Following the convictions, Roman, Bowley’s sister, and one of Bowley’s three adult children delivered victim impact statements. His daughter, Dawn Bowley, gave an emotionally wrenching account of what her father looked like in the 18 days he lingered at a Boston hospital following the crash.

Bowley’s veins seemed to glow as he lay, unconscious, in his hospital bed, she said. He could not speak because of the tubes put into his throat to assist in his breathing; his damaged teeth had been removed to clear a way for the tubes, she said.

“I lost my marbles a couple of times after my Dad died,’’ Dawn Bowley said. “I kept waking up at night thinking I was stuck in the hospital elevators.’’

She said that her father’s brain swelled as his condition worsened.

“His brain was pulsating like a heart the last day he was with us,’’ she said.

After his death, Bowley’s remains were cremated. Dawn Bowley said her daughter was so devastated by the death of her grandfather that she took the urn into her own bedroom.

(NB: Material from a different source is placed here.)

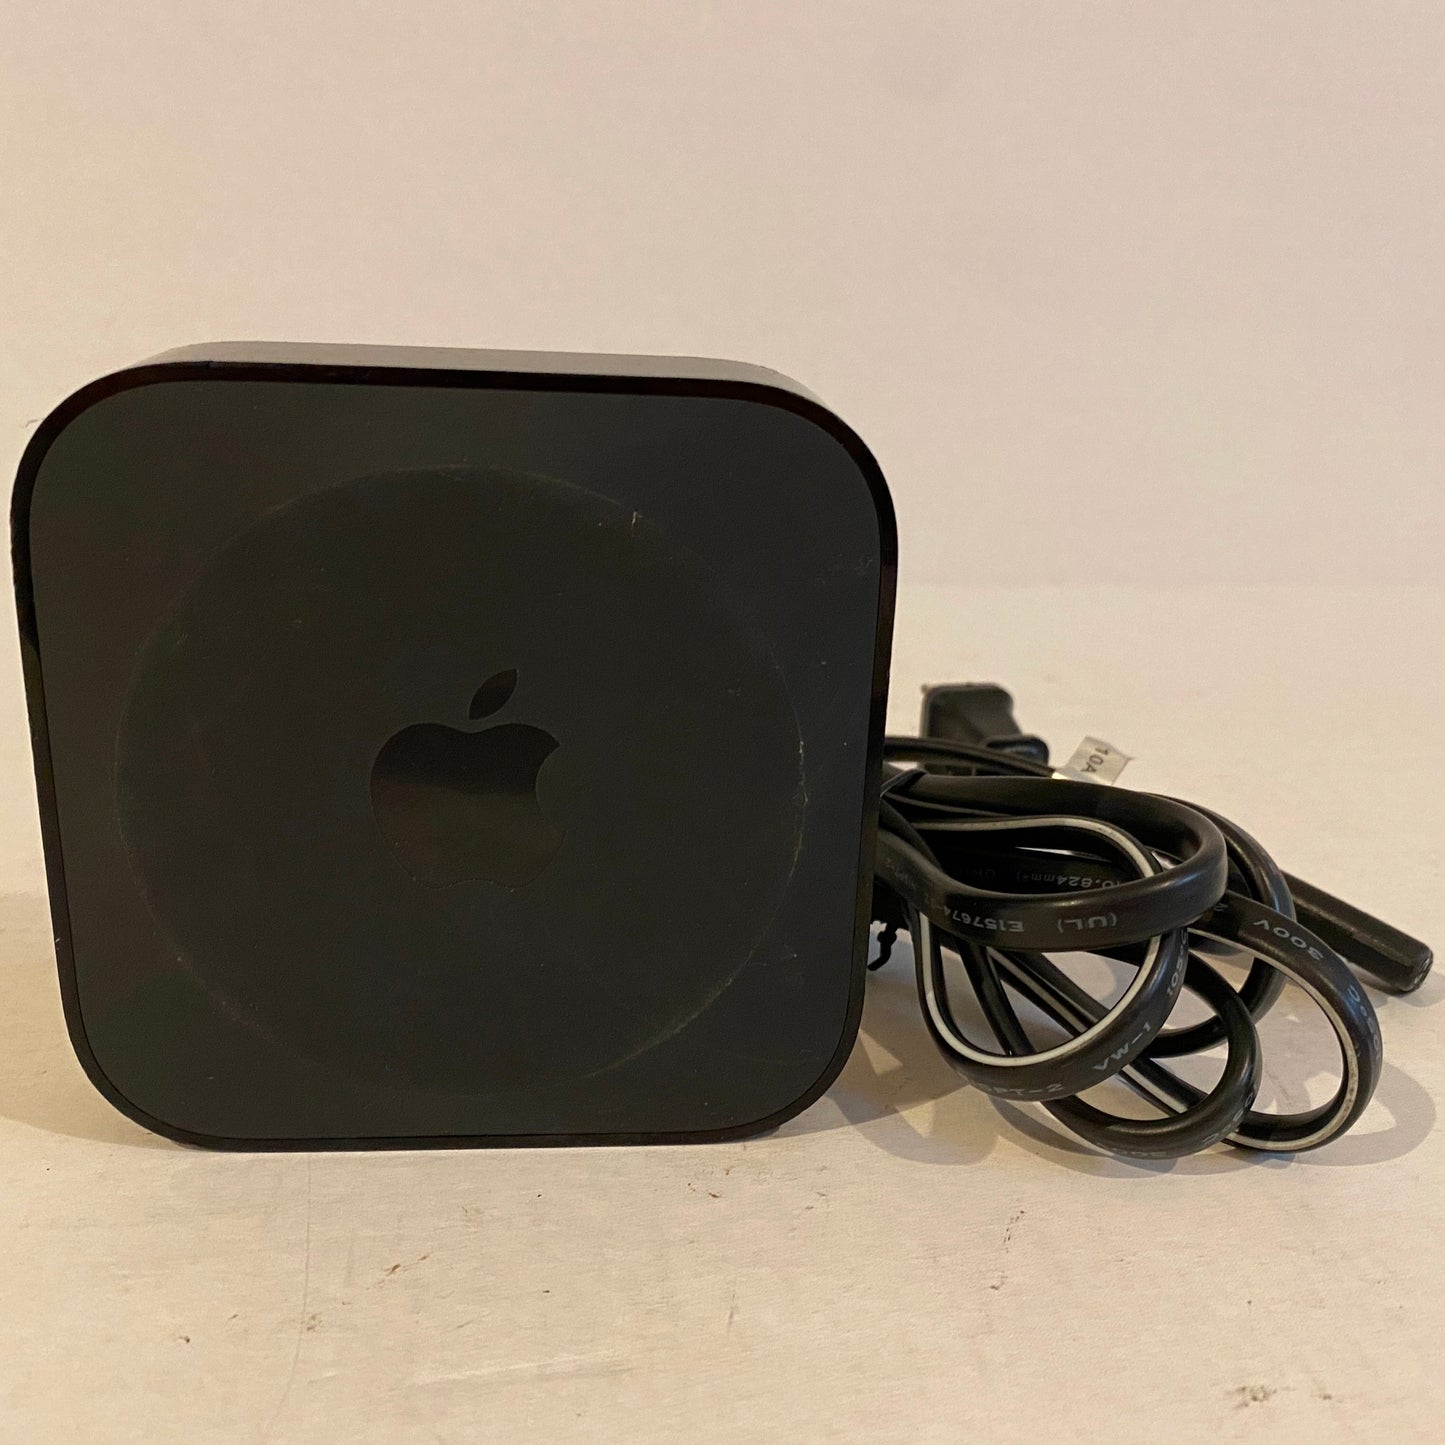 Apple TV (3rd generation) - A1469

“My daughter slept with his ashes until we buried him,’’ Dawn Bowley said. “She couldn’t let go.’’

Deveau was ordered to spend at a least a year behind bars and was removed from the courtroom in handcuffs.

A few moments later, his mother briefly spoke to reporters, shaking uncontrollably as she did.

“This past year has been an absolute tragedy, not only for our family but the Bowley family and Miss Roman as well,’’ she said.

Gathering herself, she described her son as a “very reliable’’ person who worked at two jobs — one at a Market Basket supermarket, and the second, at a nursing home.

“He would never, ever intentionally hurt anybody,’’ she said.